The concept is somewhat similar to using radar speed guns to determine if someone is driving too fast. Dilara said it was a way for authorities to identify car models that have suspiciously high emissions.
In the past two years it has emerged that the use of so-called defeat devices, which make a car appear cleaner during the official test than it actually was, was widespread in Europe.
The currently most often used method to spot dirty cars on-road is the portable emissions measurement equipment, or Pems, which is mounted on a single car to measure actual emissions.
Until the beginning of this month, all official tests were done only in a laboratory, but now cars coming on the road have to pass a Real Driving Emissions (RDE) test.
"We have to move on from the very dumb form of testing that we have at the moment, where we put a specially prepared vehicle into a laboratory," said clean transport campaigner Greg Archer, from the environmentalist organisation Transport & Environment.
"We run it for half an hour, we measure with enormous accuracy and massive reproducibility what the emissions are, and it bears no resemblance at all to how that car performs on the road.

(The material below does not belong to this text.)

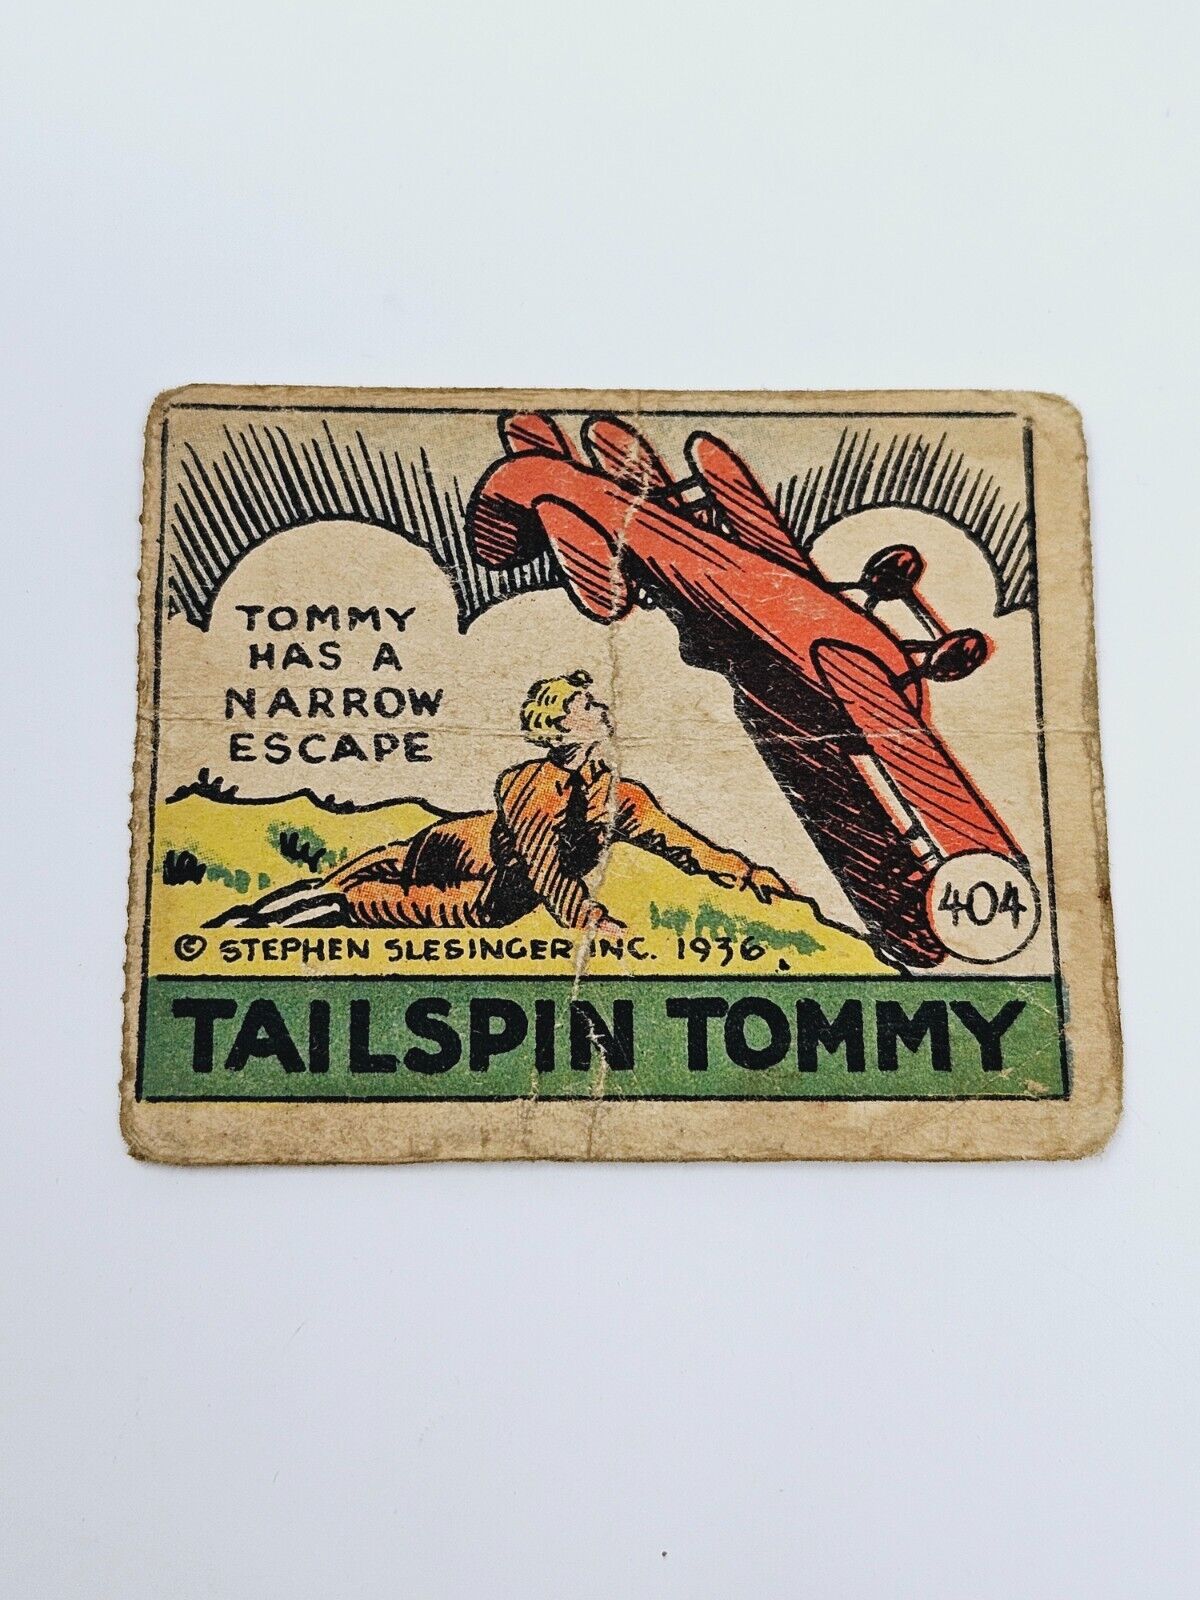 1936 TAILSPIN TOMMY 404 JEWELS CHRIS BENJAMIN PRICE GUIDE PUBLISHED CARD

That's at the heart of our current scandal," he said.
Archer said the RDE test was "a massive step forward", and that remote sensing "is a really strong and complementary tool", that could be used in combination with Pems.
Deterrent
"It is clear that in most cases [of remote sensing] we need to do further testing to know what exactly went wrong for this vehicle," said Dilara.
"We think that together with our RDE legislation, if we apply things like remote sensing, it will be an appropriate deterrent to prevent both tampering and defeat devices," she added.
While defeat devices are typically put in cars by carmakers, for instance to cut costs, tampering with emissions filter technology is sometimes done by individual car owners, to boost performance or to save on fuel.
After the Dieselgate scandal, the EU parliament called on member states to "establish remote fleet monitoring schemes" by using roadside remote sensing equipment and/or on-board sensors.
Remote sensing is more prevalent in the United States, and several Americans attended Thursday's event in the parliament searching for business opportunities.
Only part of the puzzle
Vicente Franco, another policy officer at the EU commission, also supported the use of the tool, but warned against seeing it as a silver bullet.
Franco said the analogy with the radar speed gun only worked to an extent.
"If you register 70 kilometres per hour and the speed limit is 55, you can be pretty sure that that car was not in compliance and that you can fine that car," said Franco.
But the emissions of nitrogen oxides (NOx) are not as binary as going over the speed limit or not.
The NOx limits were measured in milligrams per kilometre, but they were sometimes clustered around "emission events" like acceleration, said Franco.
"If you happen to catch those events with remote sensing, it might look as if that car is very dirty, when actually it might just be a little bit unlucky," he said.
He said a "robust statistical analysis framework" was needed to be able to draw conclusions.
Additionally, even if remote sensing is deployed all across Europe, it is still up to national authorities to actually enforce the emissions legislation, something which, in the years before Dieselgate broke out, they neglected to do, and, even now, remain reluctant to do.